___ Source material

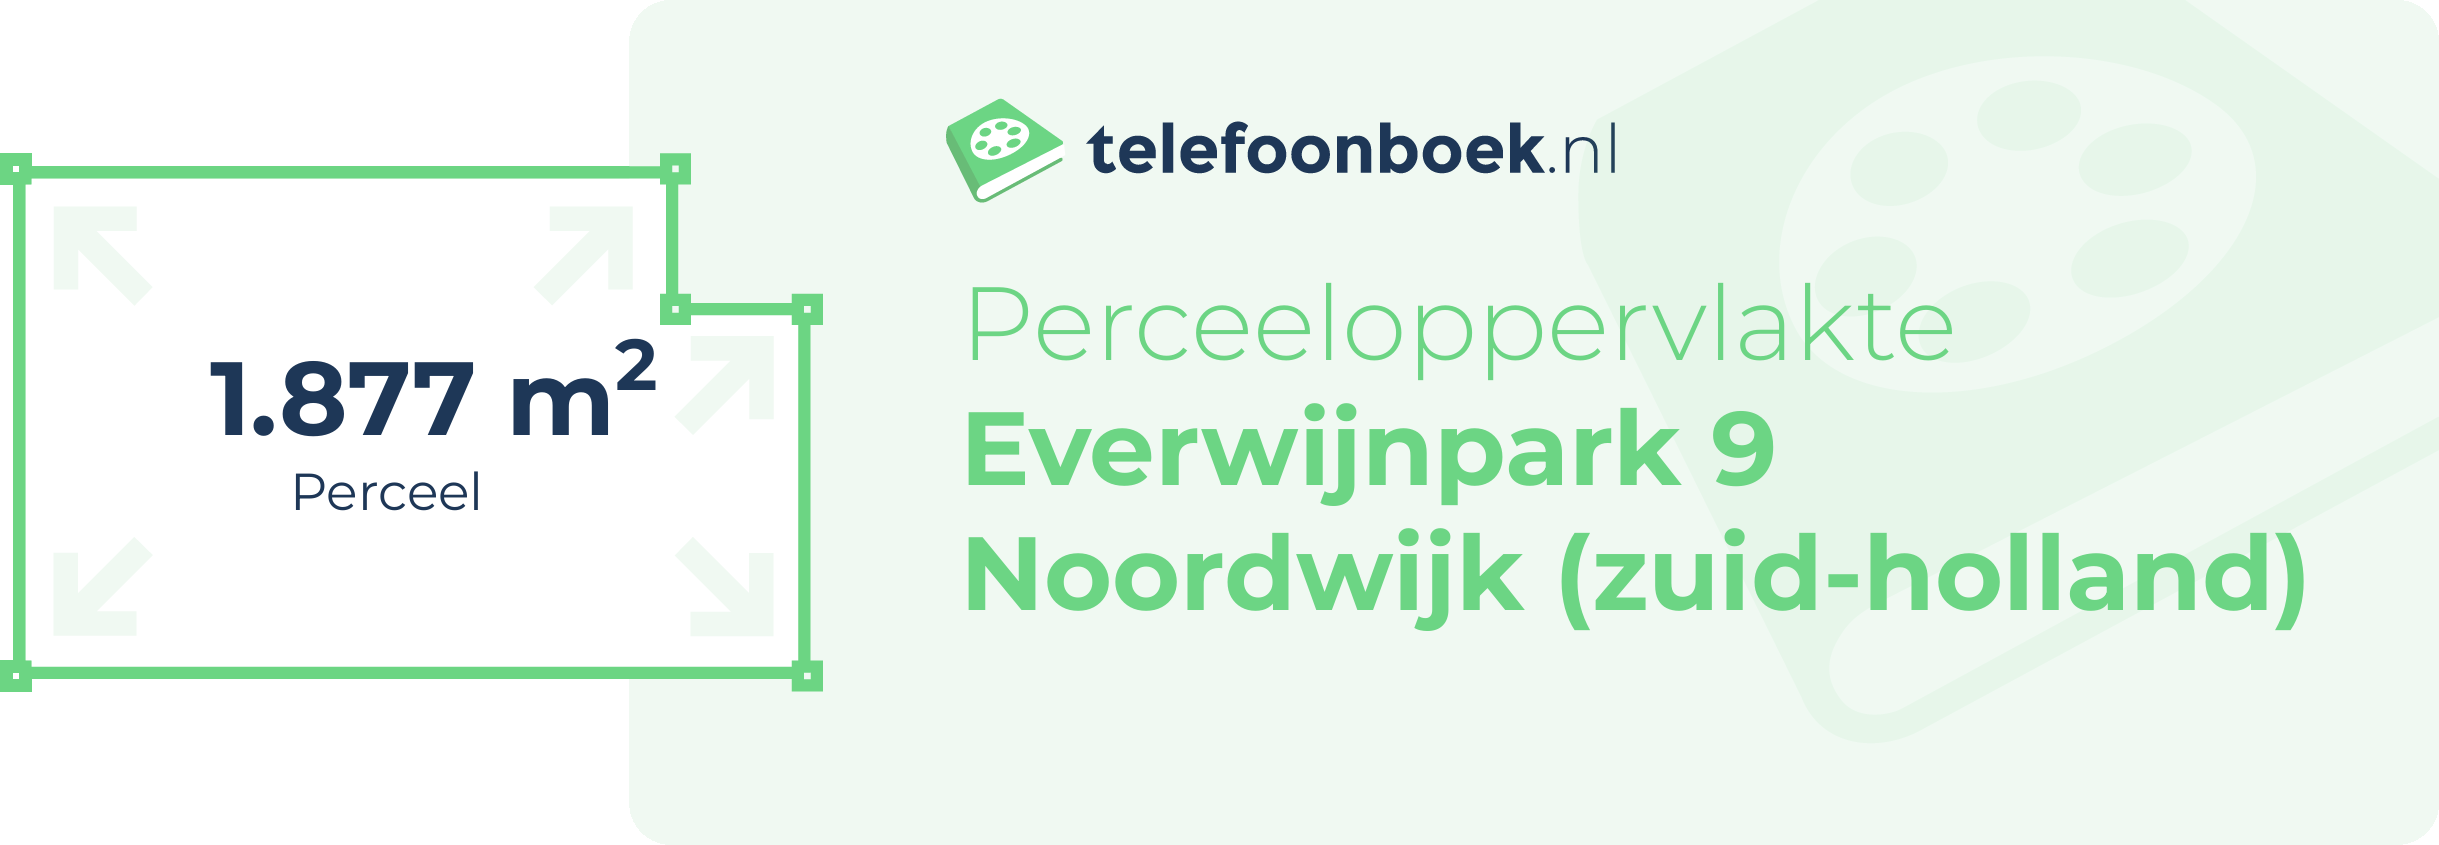 Perceeloppervlakte Everwijnpark 9 Noordwijk (Zuid-Holland)
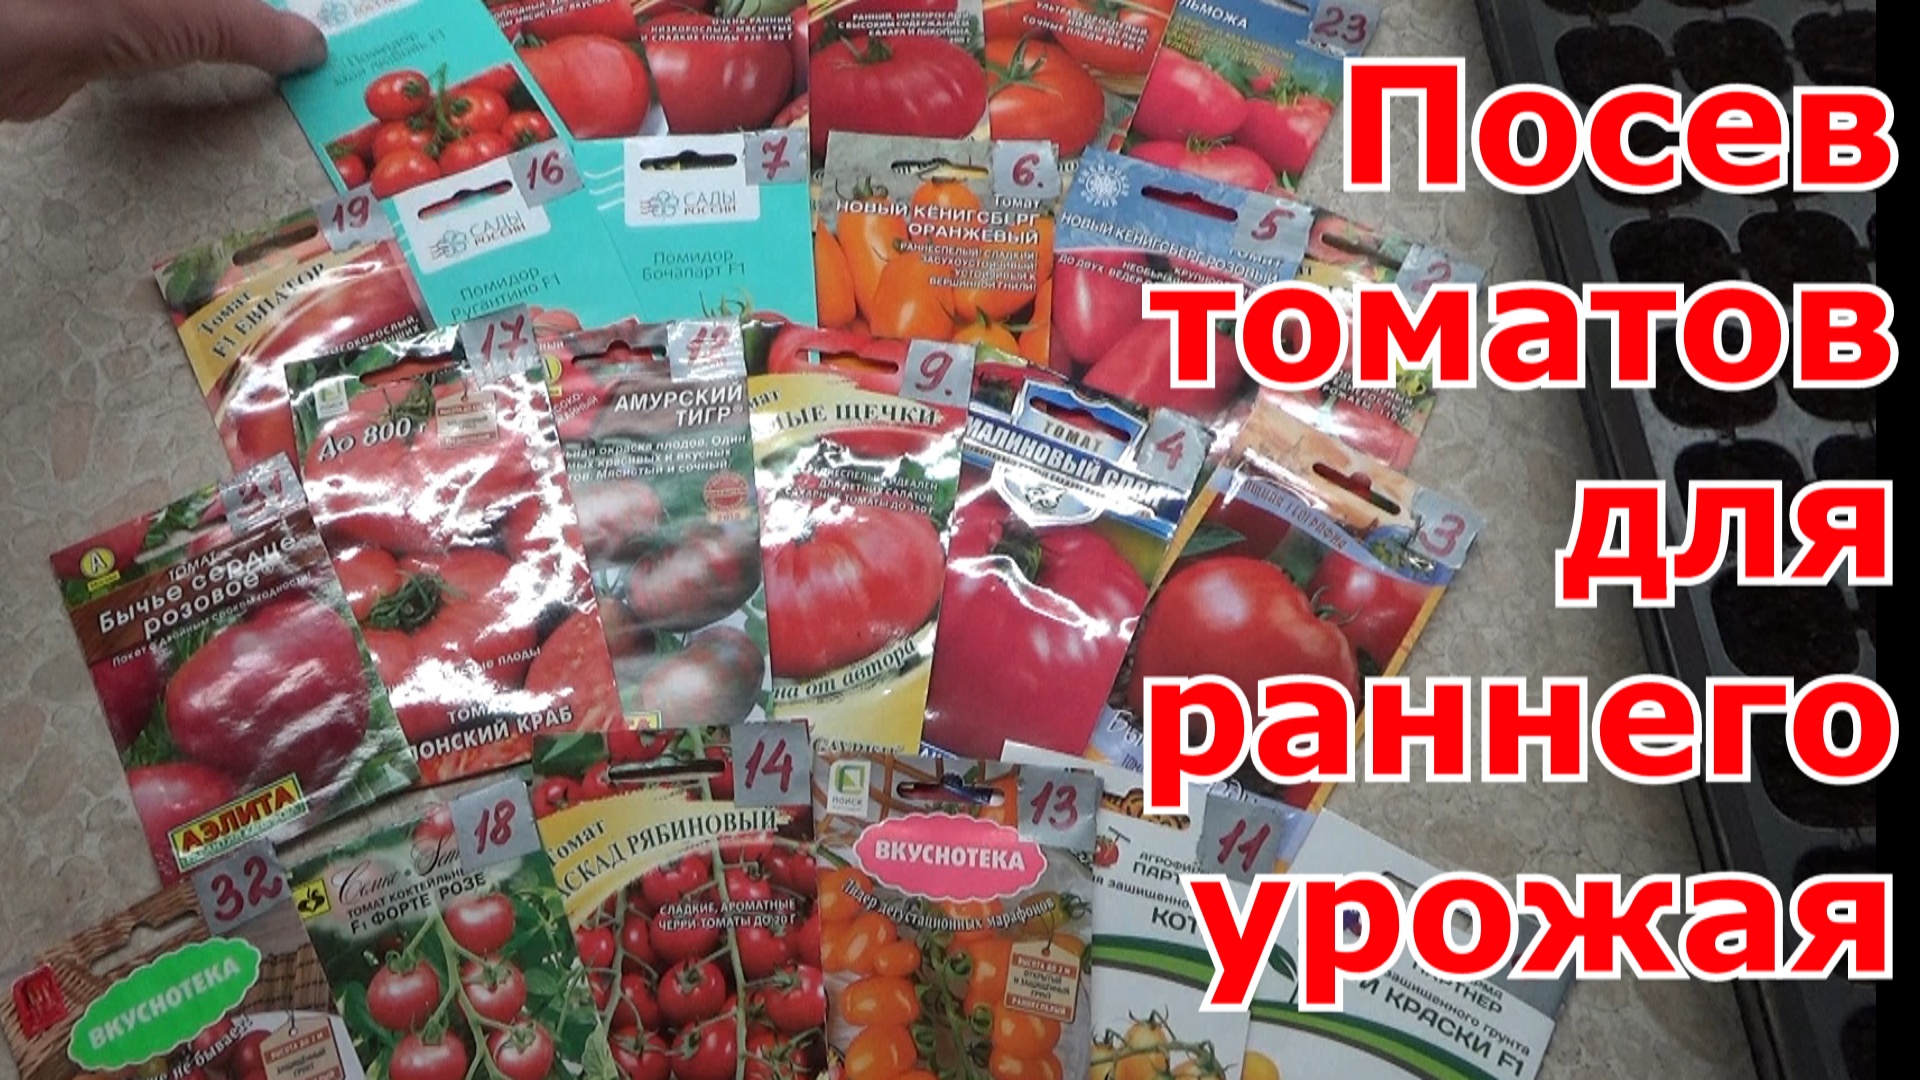 Посев томатов для раннего урожая. Какие сорта томатов выбрала для первого посева томатов.
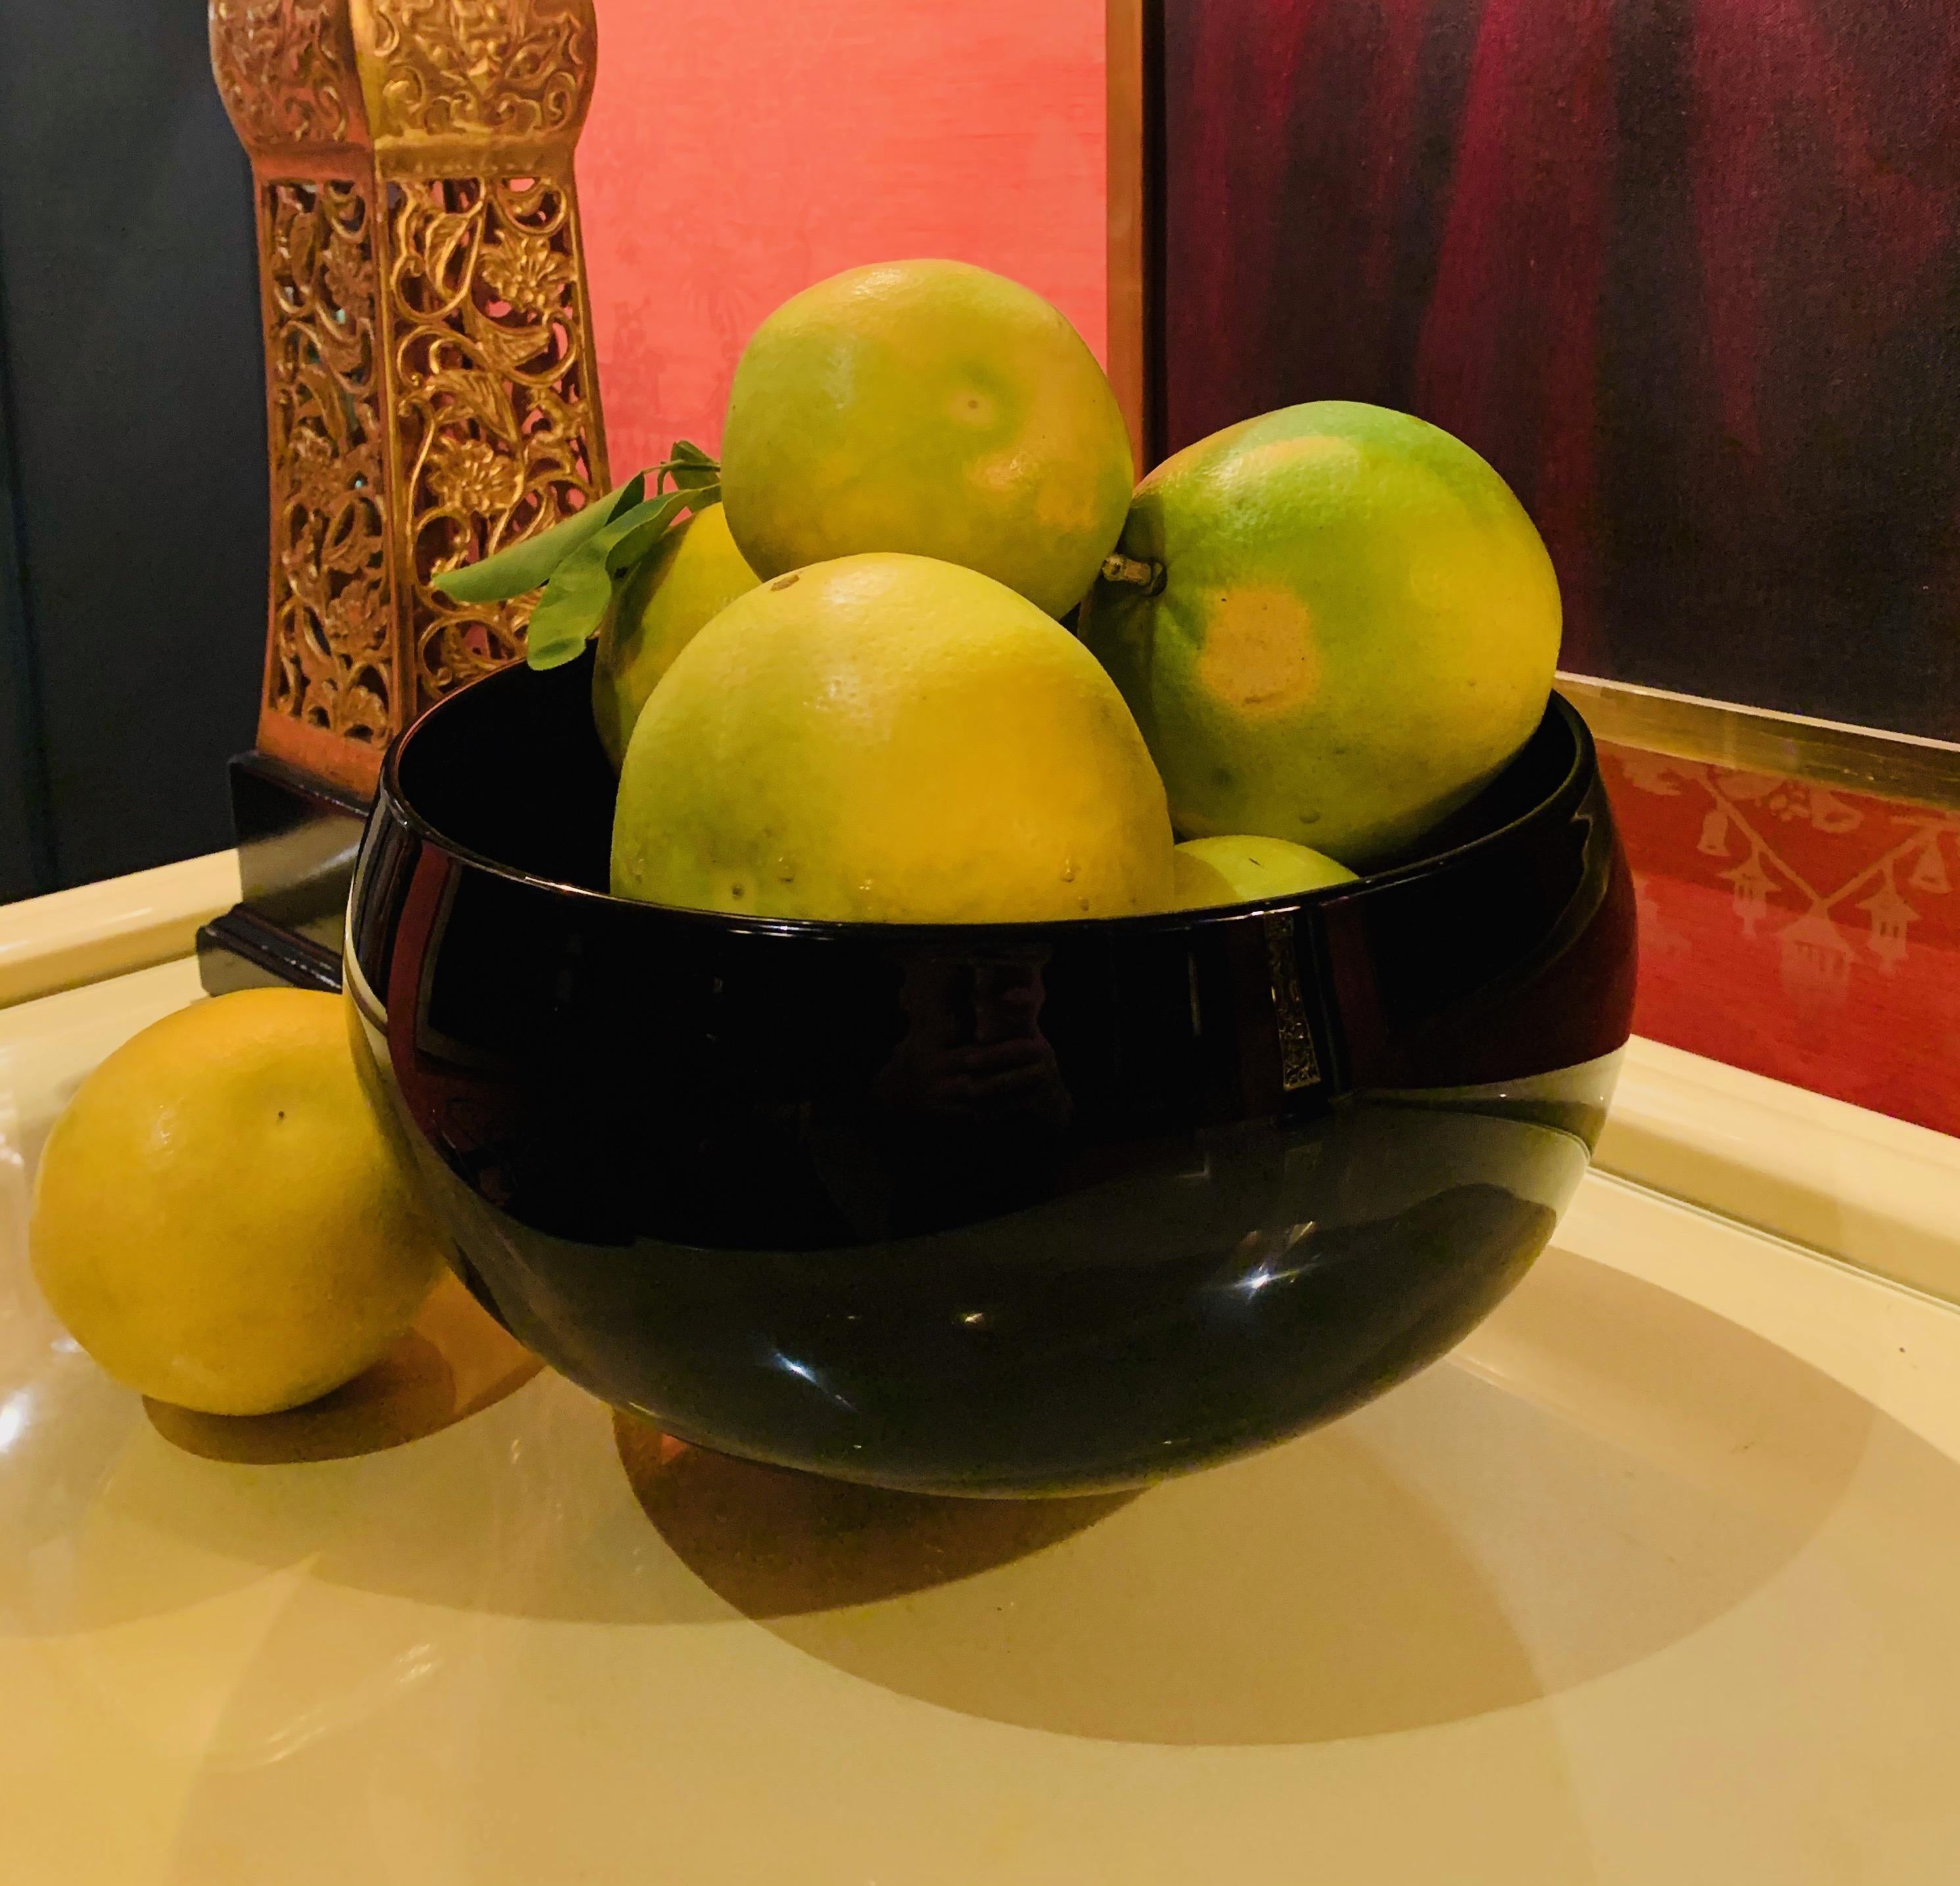 Eine spektakuläre Correia Art Glass Schale - groß, rund und schlicht, aber die perfekte Ergänzung für jeden Tisch. Der kleine Fuß, auch einfach und elegant.

Allein stehend oder als Kunstwerk sieht die subtile Aubergine-Farbe für das Auge schwarz

______

• [Exercise directions] An exact transcript of the listing is needed, free of pictures.

• [Exercise response]
 Perceeloppervlakte Everwijnpark 9 Noordwijk (Zuid-Holland)
 Посев томатов для раннего урожая. Какие сорта томатов выбрала для первого посева томатов.
 Eine spektakuläre Correia Art Glass Schale - groß, rund und schlicht, aber die perfekte Ergänzung für jeden Tisch. Der kleine Fuß, auch einfach und elegant.

Allein stehend oder als Kunstwerk sieht die subtile Aubergine-Farbe für das Auge schwarz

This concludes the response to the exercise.